__What you will do__.
With pictures left out, set down exactly the lines from the line containing "Cost of rent" through the last line of the data.

__Provided entries__.
----------
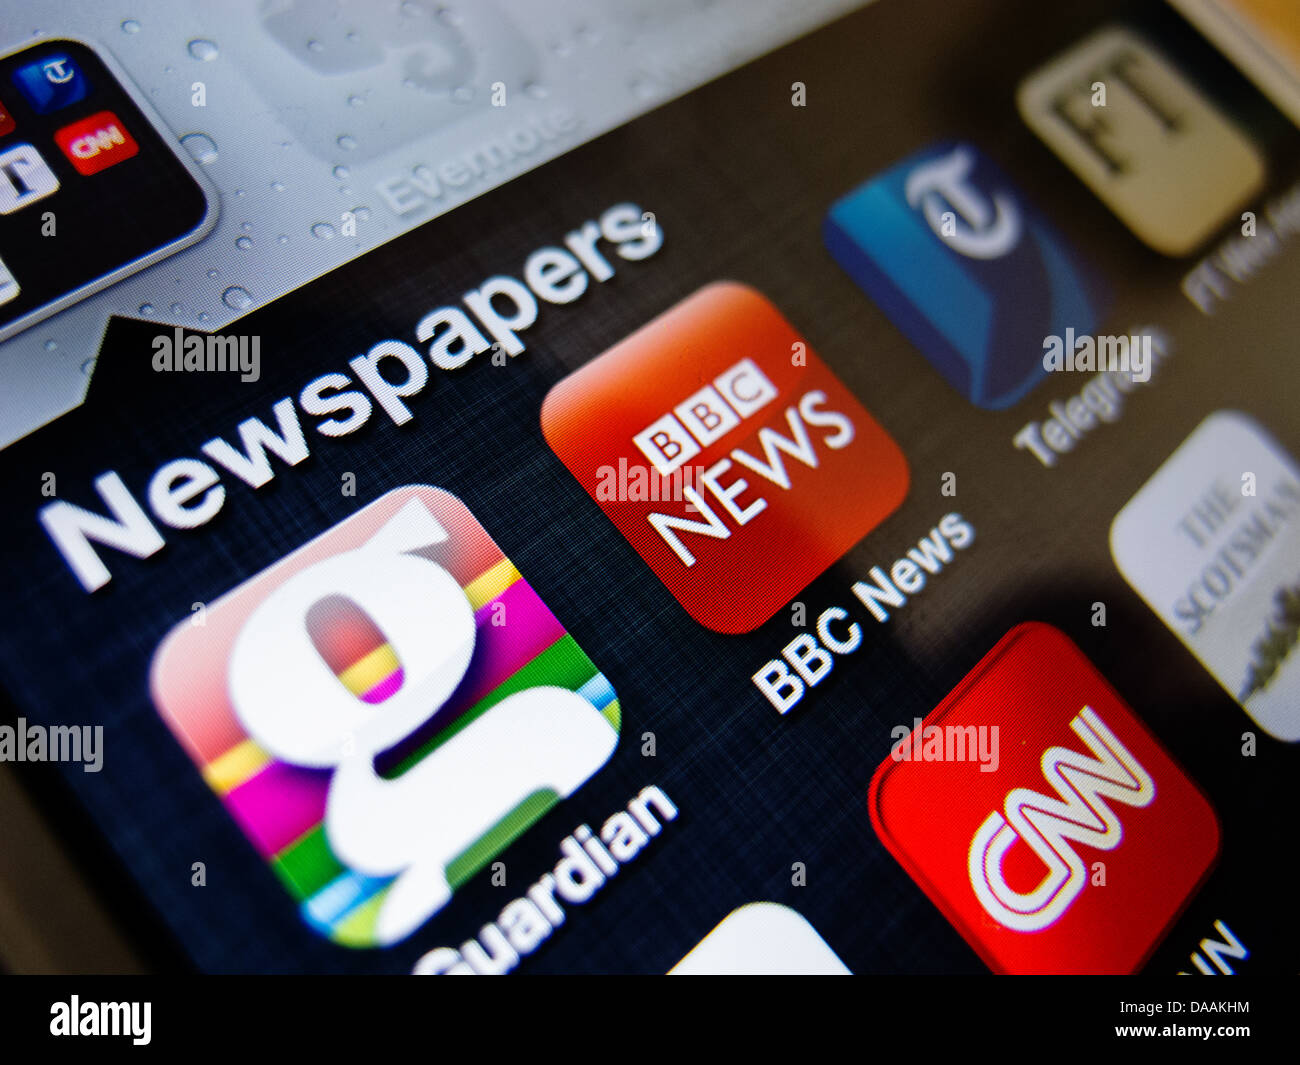 Detail of iPhone 5 smart phone screen showing newspaper apps icons Stock Photo
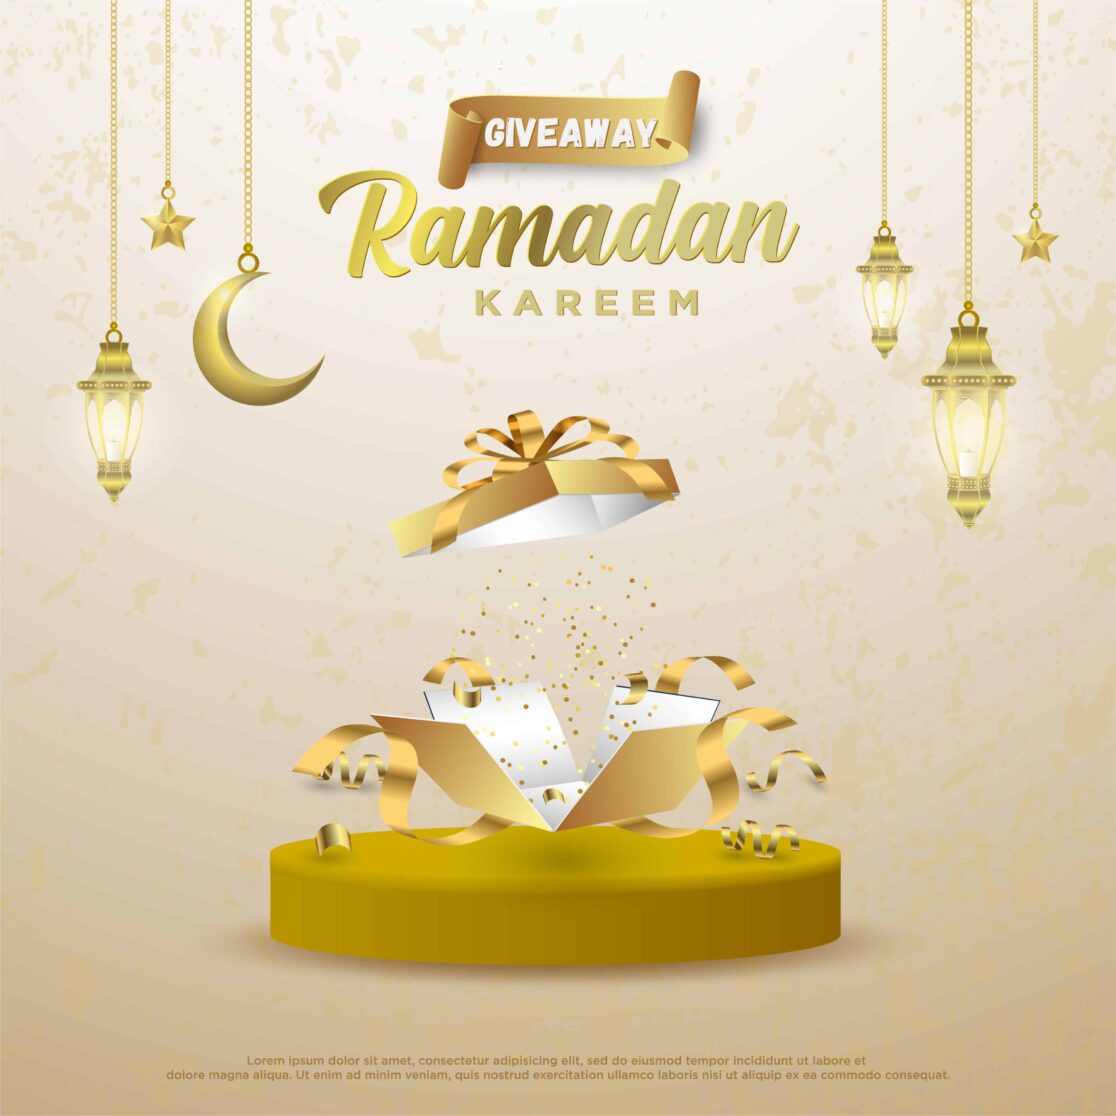 Hosting a Ramadan giveaway on your site
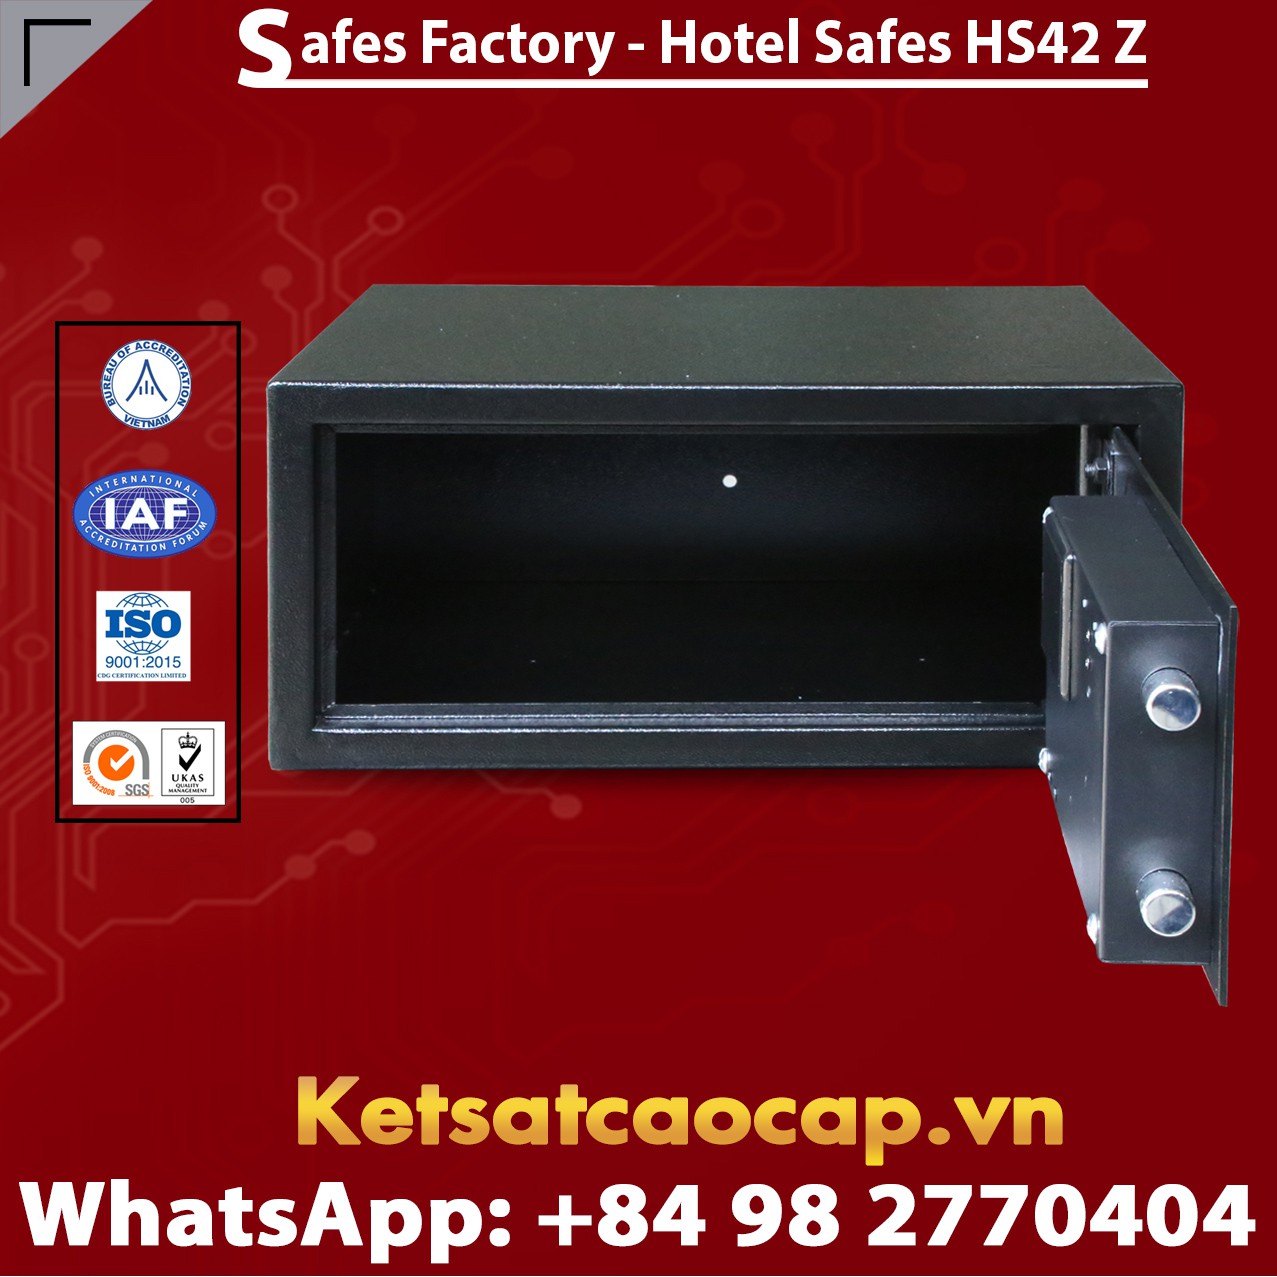 Hotel Safe High Quality Factory Price uy tín
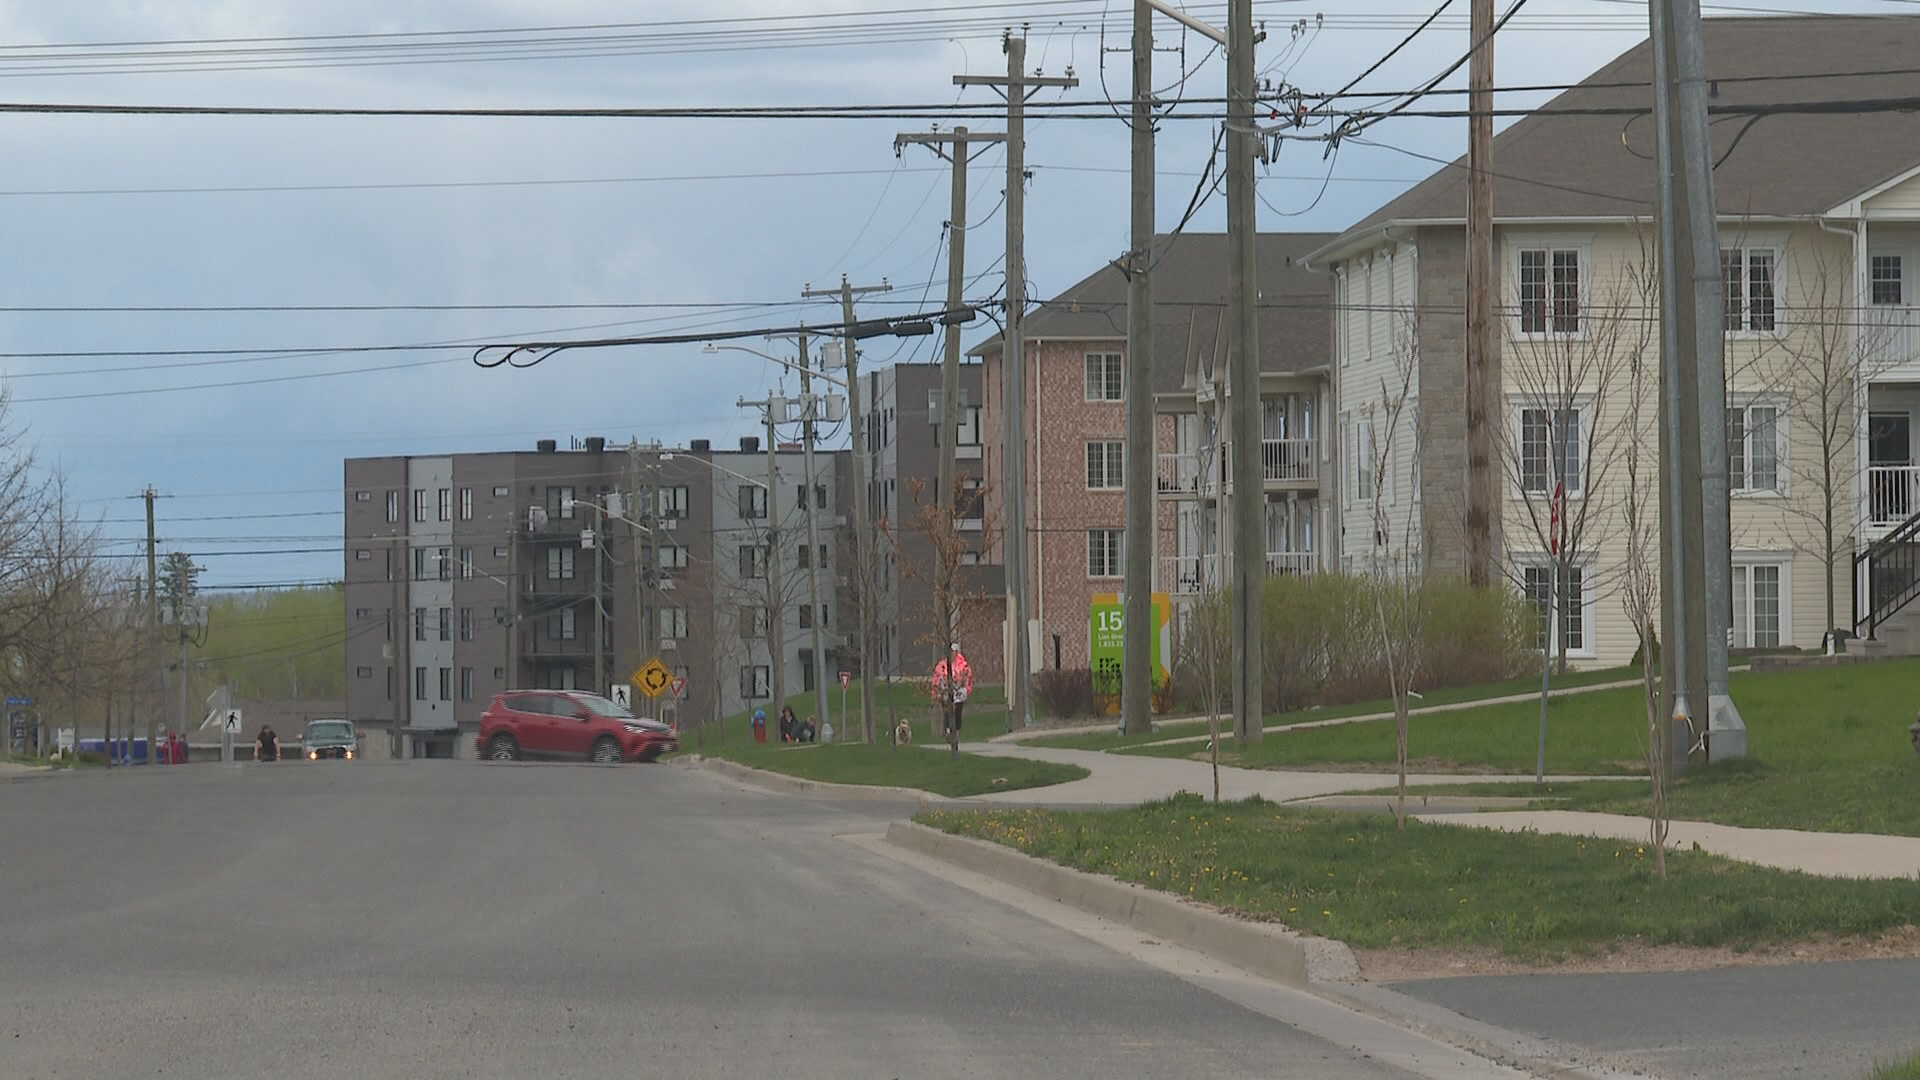 Cost of rent in New Brunswick continues to grow above target
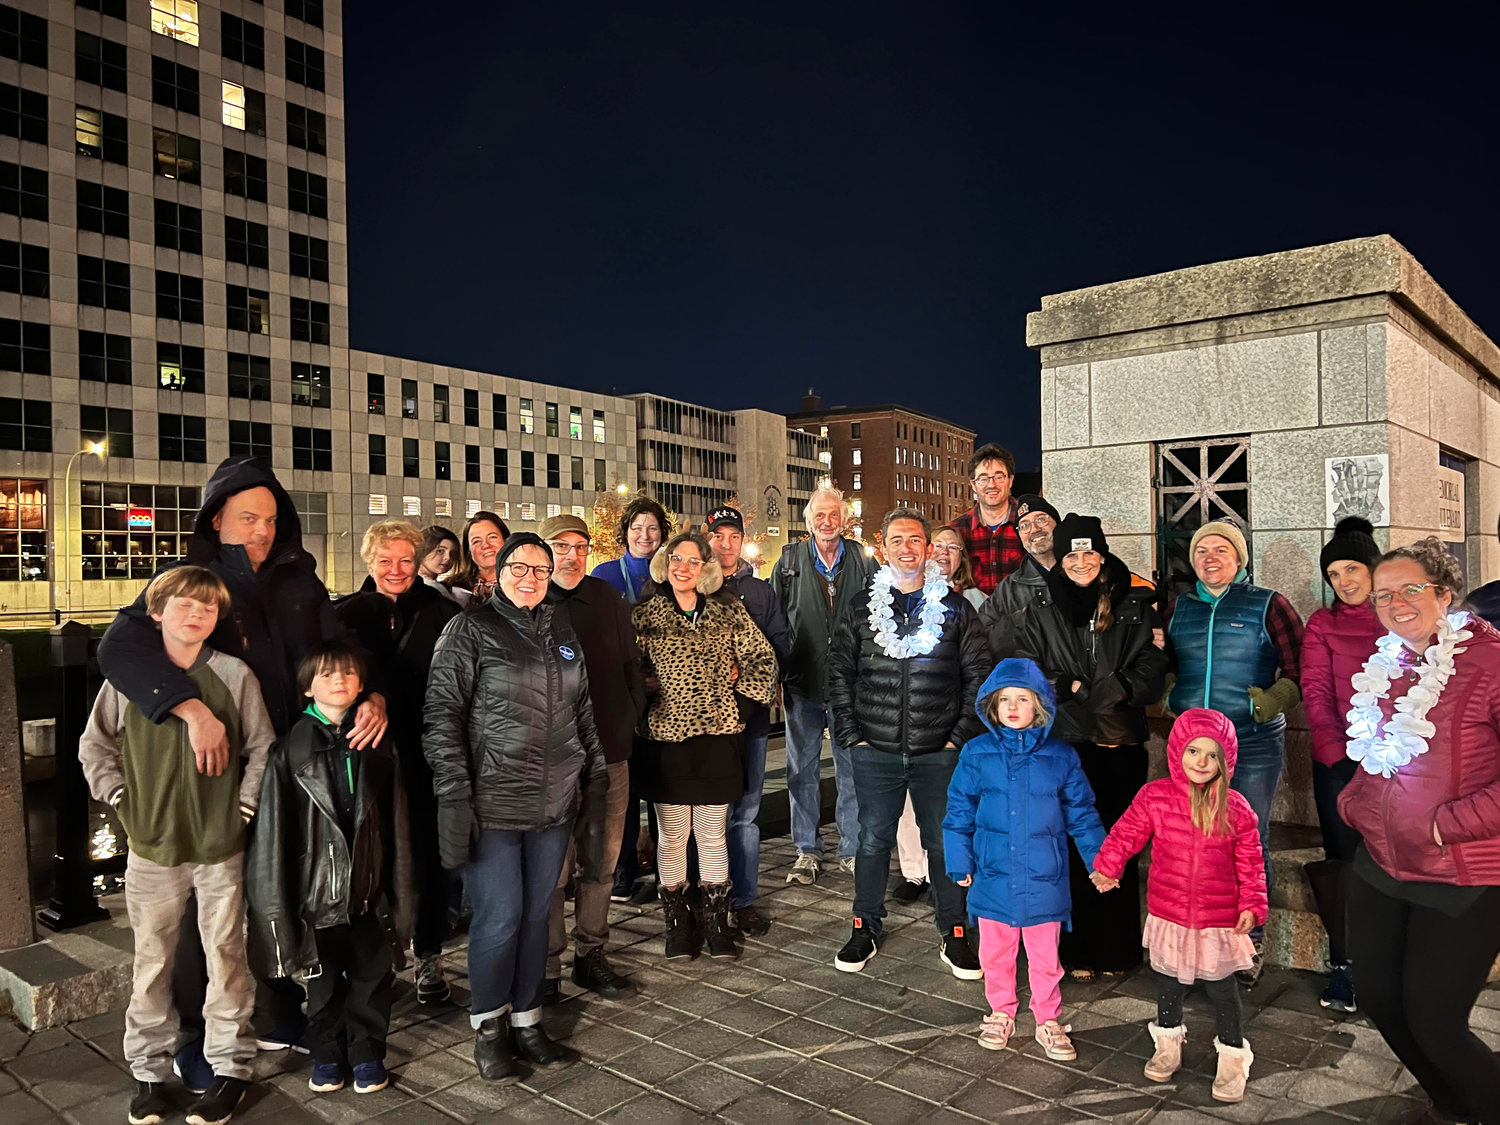 A contingent of 25 hearty souls took a full moon walk in downtown Providence on Nov.8
----------
__Your response__.
 Cost of rent in New Brunswick continues to grow above target
 A contingent of 25 hearty souls took a full moon walk in downtown Providence on Nov.8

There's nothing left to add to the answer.